Saturday, January 27, 2018
Enough for 2018
In a personal sense, my word describes my intention to do more work around self-acceptance, positive affirmation and silencing my inner critic. We are daily bombarded with messages that tell us we are not slim enough, smart enough, rich enough, talented enough. . . the list goes on and on and on. Embracing a sense of not enoughness breeds shame and fosters all sorts of maladaptive behaviors in a futile attempt to be OK in our own skin.
According to my friend Merriam-Webster, when used as an adverb the word "enough" refers to something that occurs "in such quantity, quality or scope as to fully meet demands, needs or expectations." I am enough; you are enough. We are human beings created in the image and likeness of God; that makes us fully enough.
I am in a post-major birthday funk that is common during life transitions. My husband says that I
The broader implications of my 2018 word came this week while watching the incredibly brave women who confronted their abuser in a court of law. It seems that every institution in our society is being forced to deal with the consequences of decades of systemic discrimination and sexual harassment and assault of women. No segment of our society has been exempt--from Hollywood to the local church, sports and news organizations and political figures. The #MeToo campaign gave thousands of women an opportunity to finally acknowledge publicly what has been tolerated in secret.
"Enough" when used as a determiner and pronoun expresses an "impatient desire for the cessation of undesirable behavior or speech. . . [and] indicates that one is unwilling to tolerate any more." Until we say "ENOUGH" to a culture of objectification and marginalization of women and children, we will never be able to prevent monsters like Larry Nassar from sexually molesting little girls in their mother's presence. ENOUGH! The laws we have passed and the protections we have put in place will never be enough until the societal and often religiously sanctioned discrimination is stopped.

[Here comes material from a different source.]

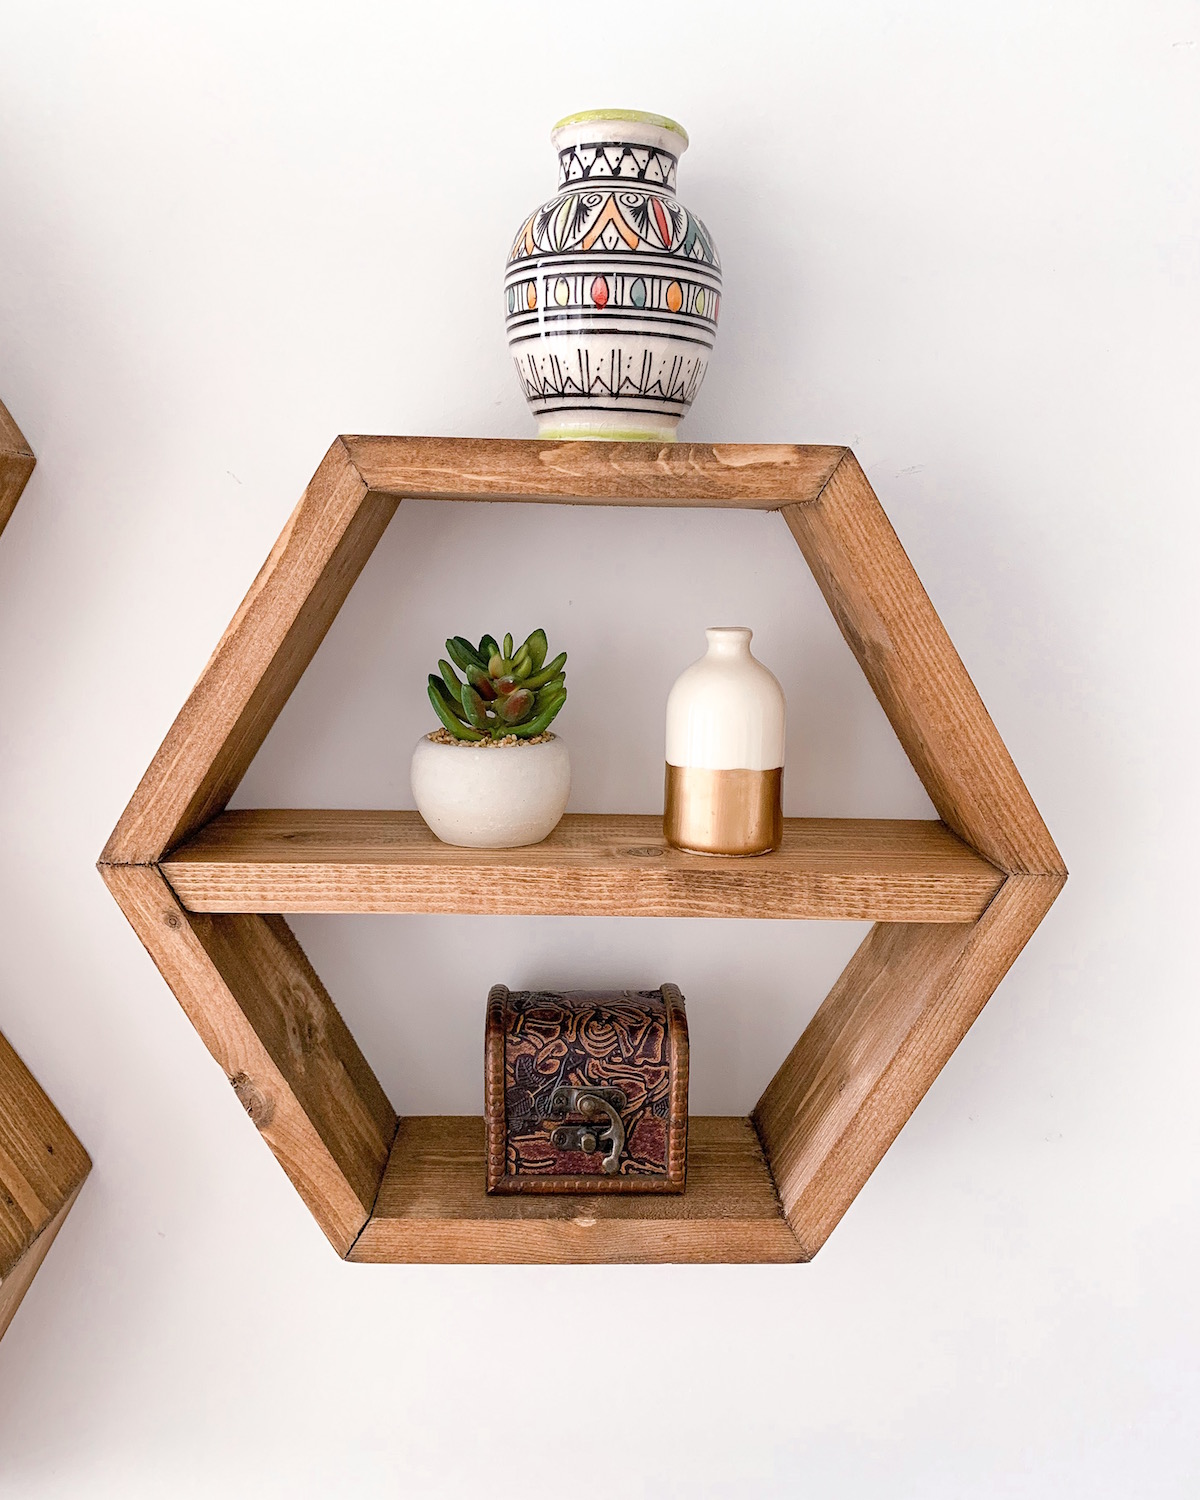 How To Decorate Honeycomb Shelves, Best Way To Hang Honeycomb Shelves

It occurs to me that both the personal and broader implications of my word are intertwined. Advocacy must begin with me. I must embrace my intrinsic value and enoughness in order to stand and fight against the systems that are designed to keep me in an inferior or marginalized position. If I am to fight for others, I must first fight for myself. I must do the internal work so that I can fully engage in the external battle. I am enough; you are enough and together we are enough to challenge and change a culture that insists we are not. Enough and ENOUGH!